Set down precisely the lines from the line with "Veilleuse Veilleuse Winston" through the end of the material, inclusive, and no pictures.

__DATASET SECTION__.
──────────────────────────────

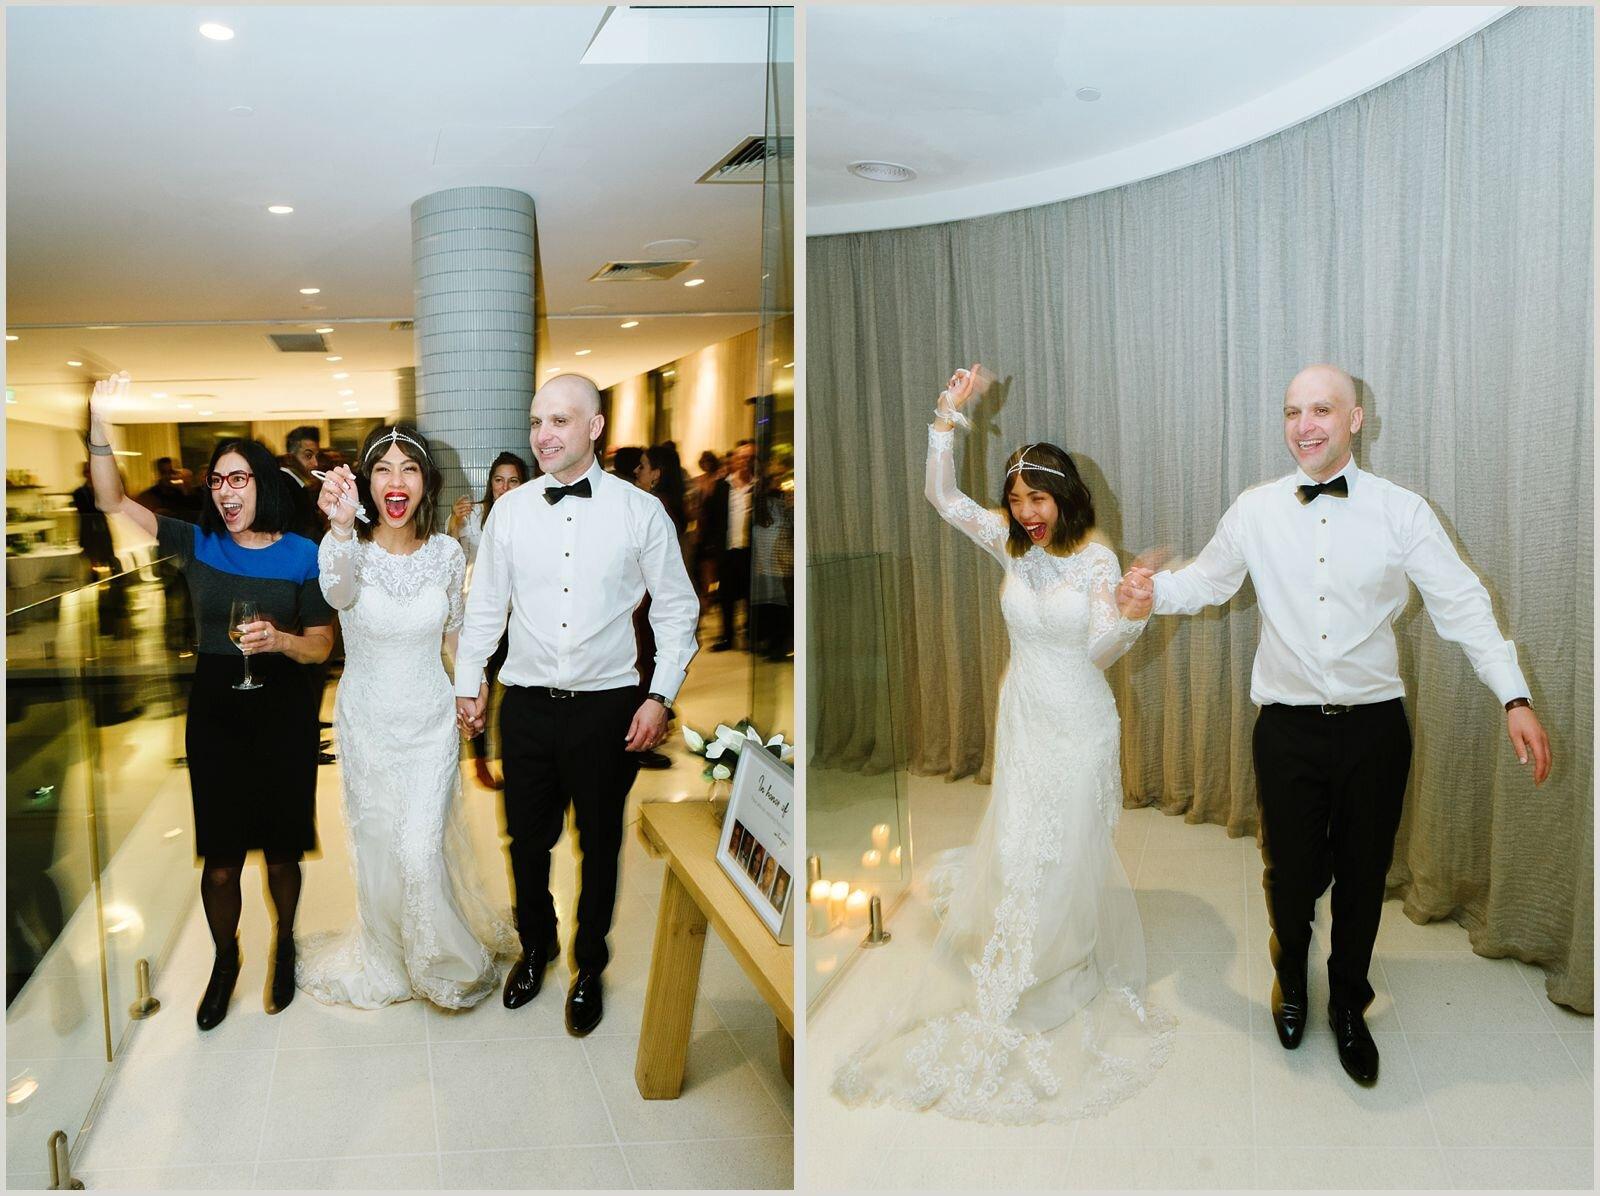 joseph_koprek_wedding_melbourne_the_prince_deck_0102.jpg
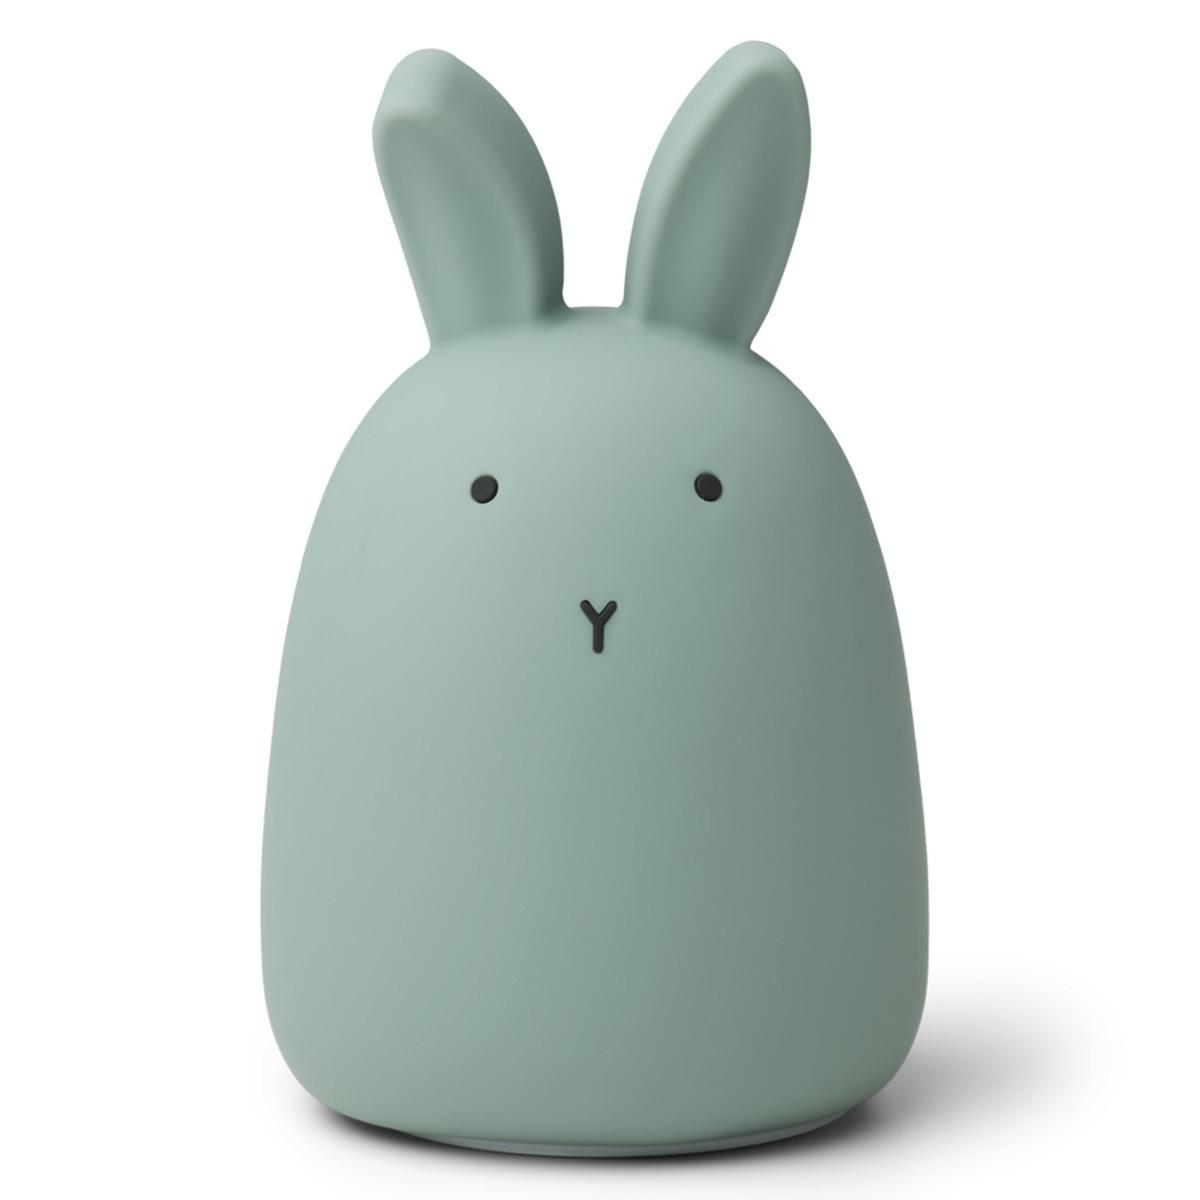 Veilleuse Veilleuse Winston - Rabbit Peppermint Veilleuse Winston - Rabbit Peppermint
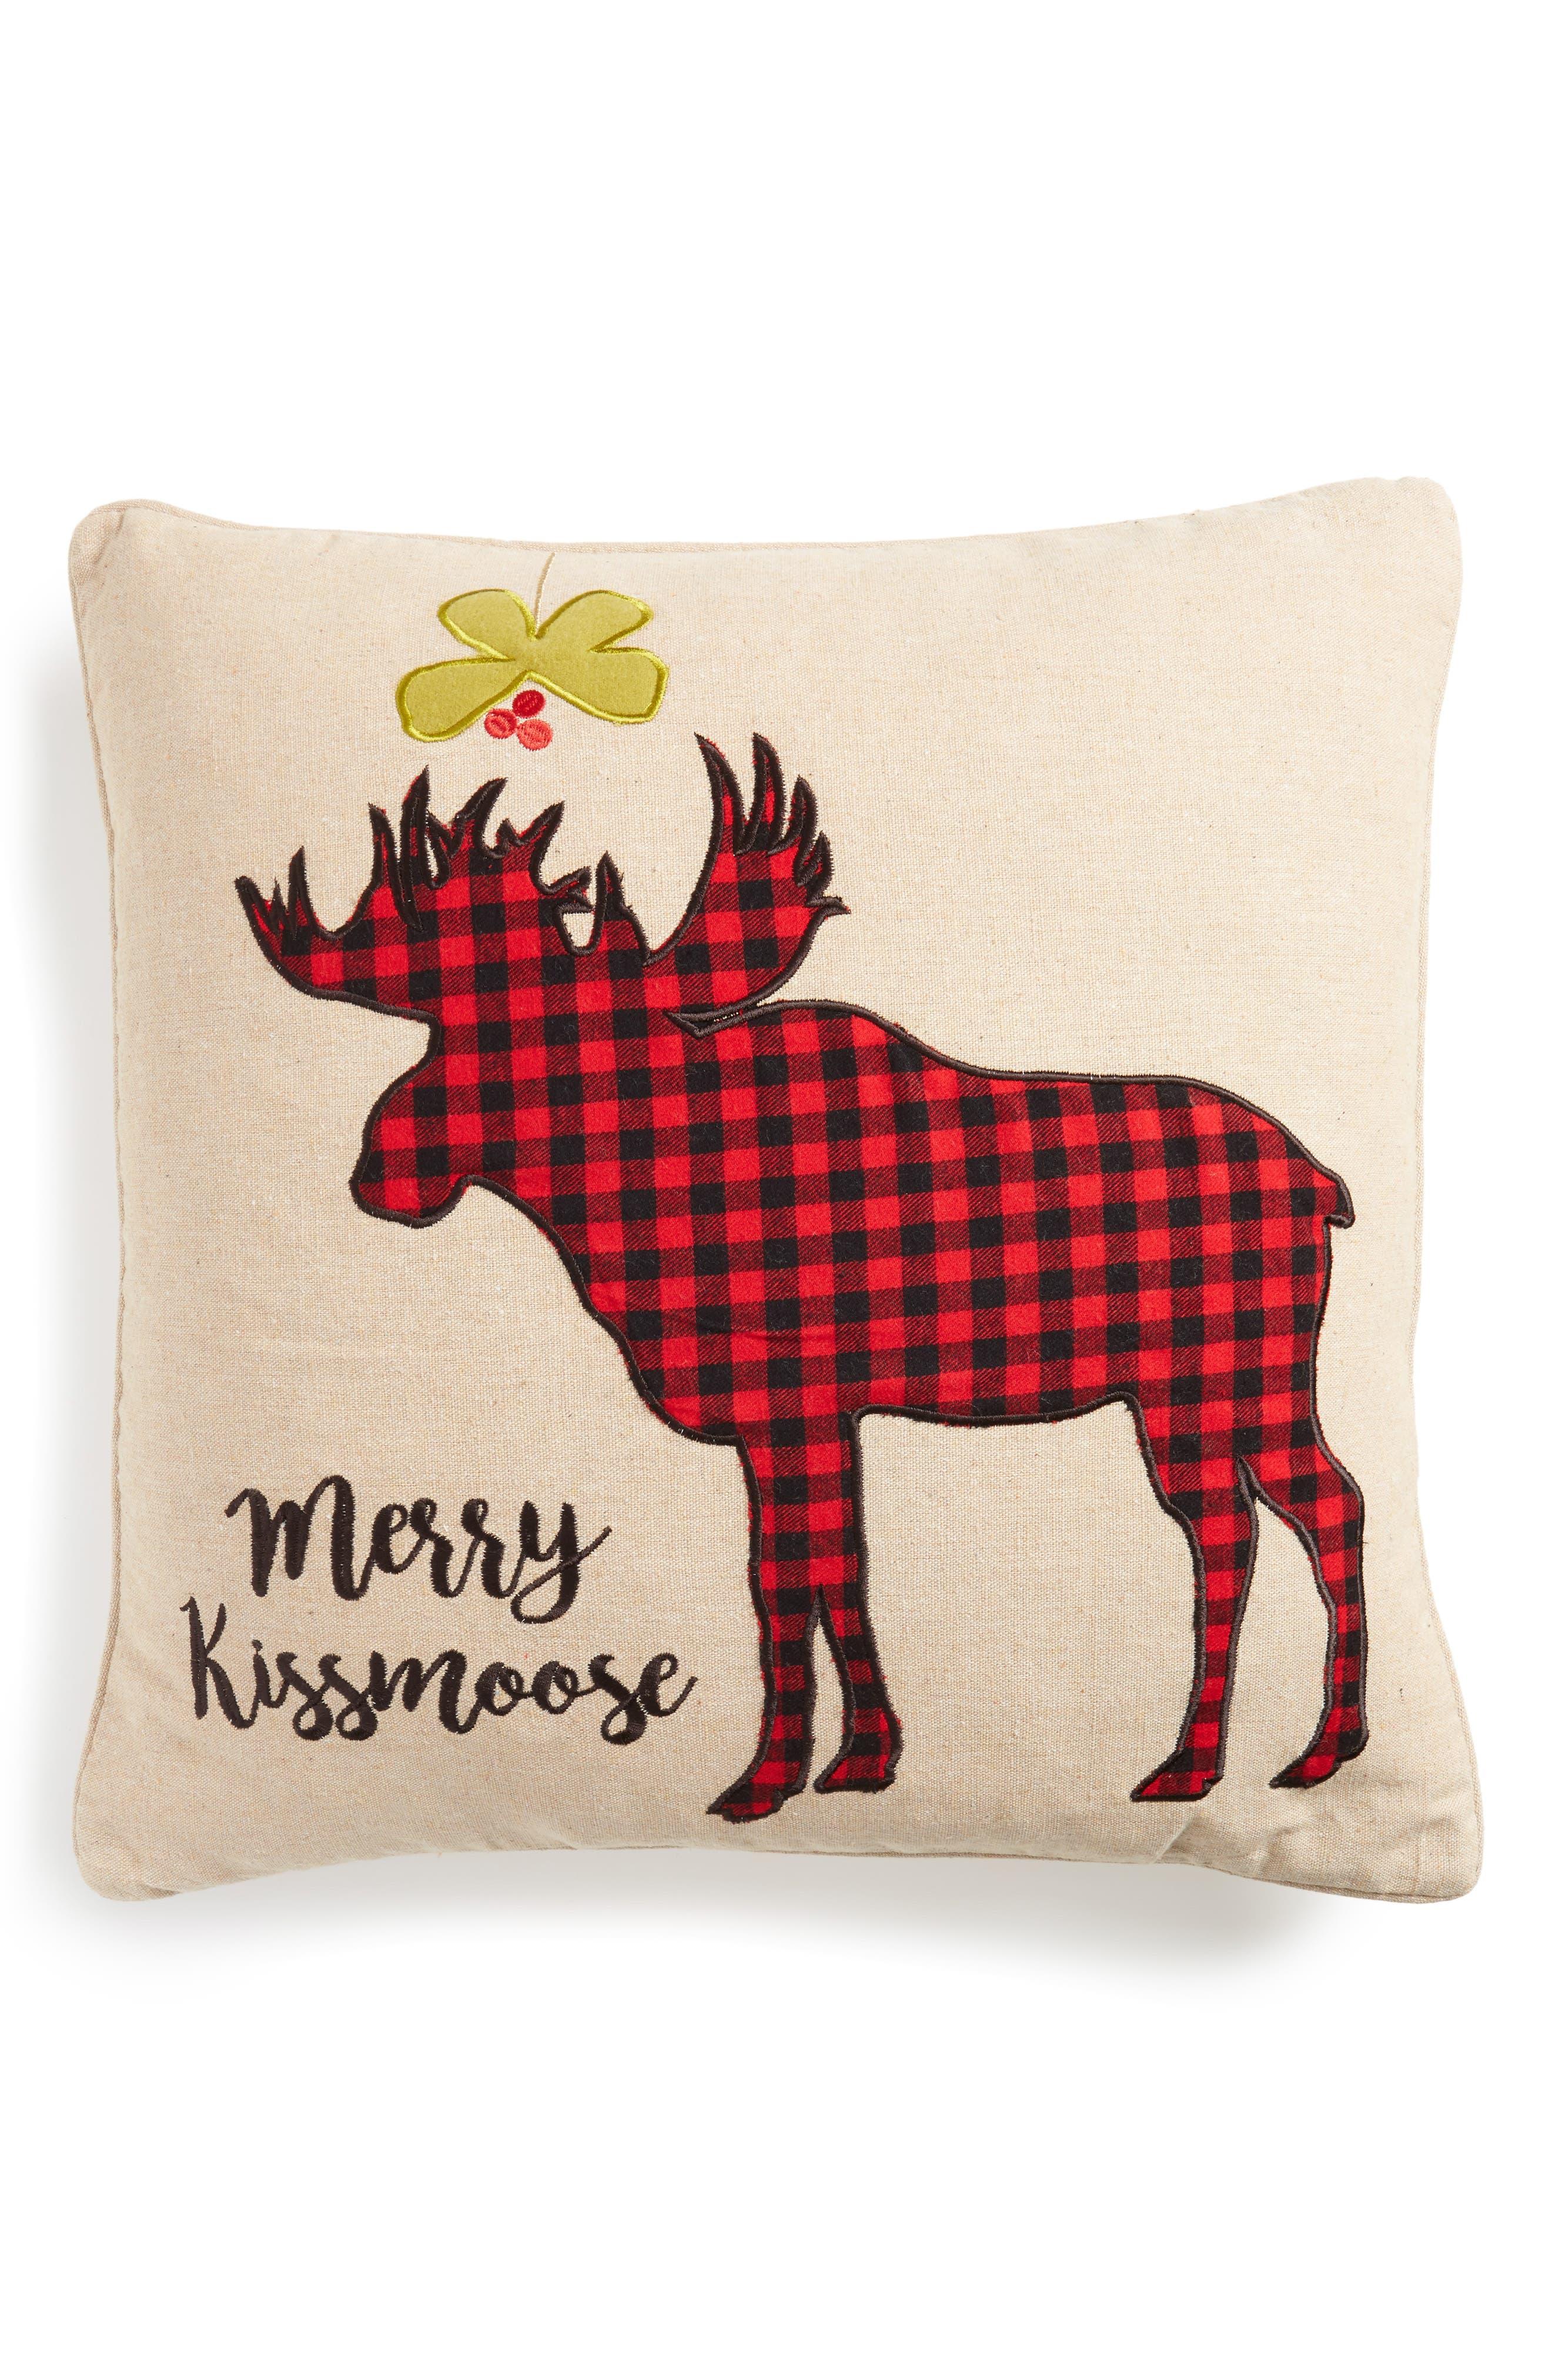 Plaid Merry Kissmoose Accent Pillow,                         Main,                         color, Natural

──────────────────────────────

__SOLUTION TO THE PROBLEM__.
 Veilleuse Veilleuse Winston - Rabbit Peppermint Veilleuse Winston - Rabbit Peppermint
 Plaid Merry Kissmoose Accent Pillow,                         Main,                         color, Natural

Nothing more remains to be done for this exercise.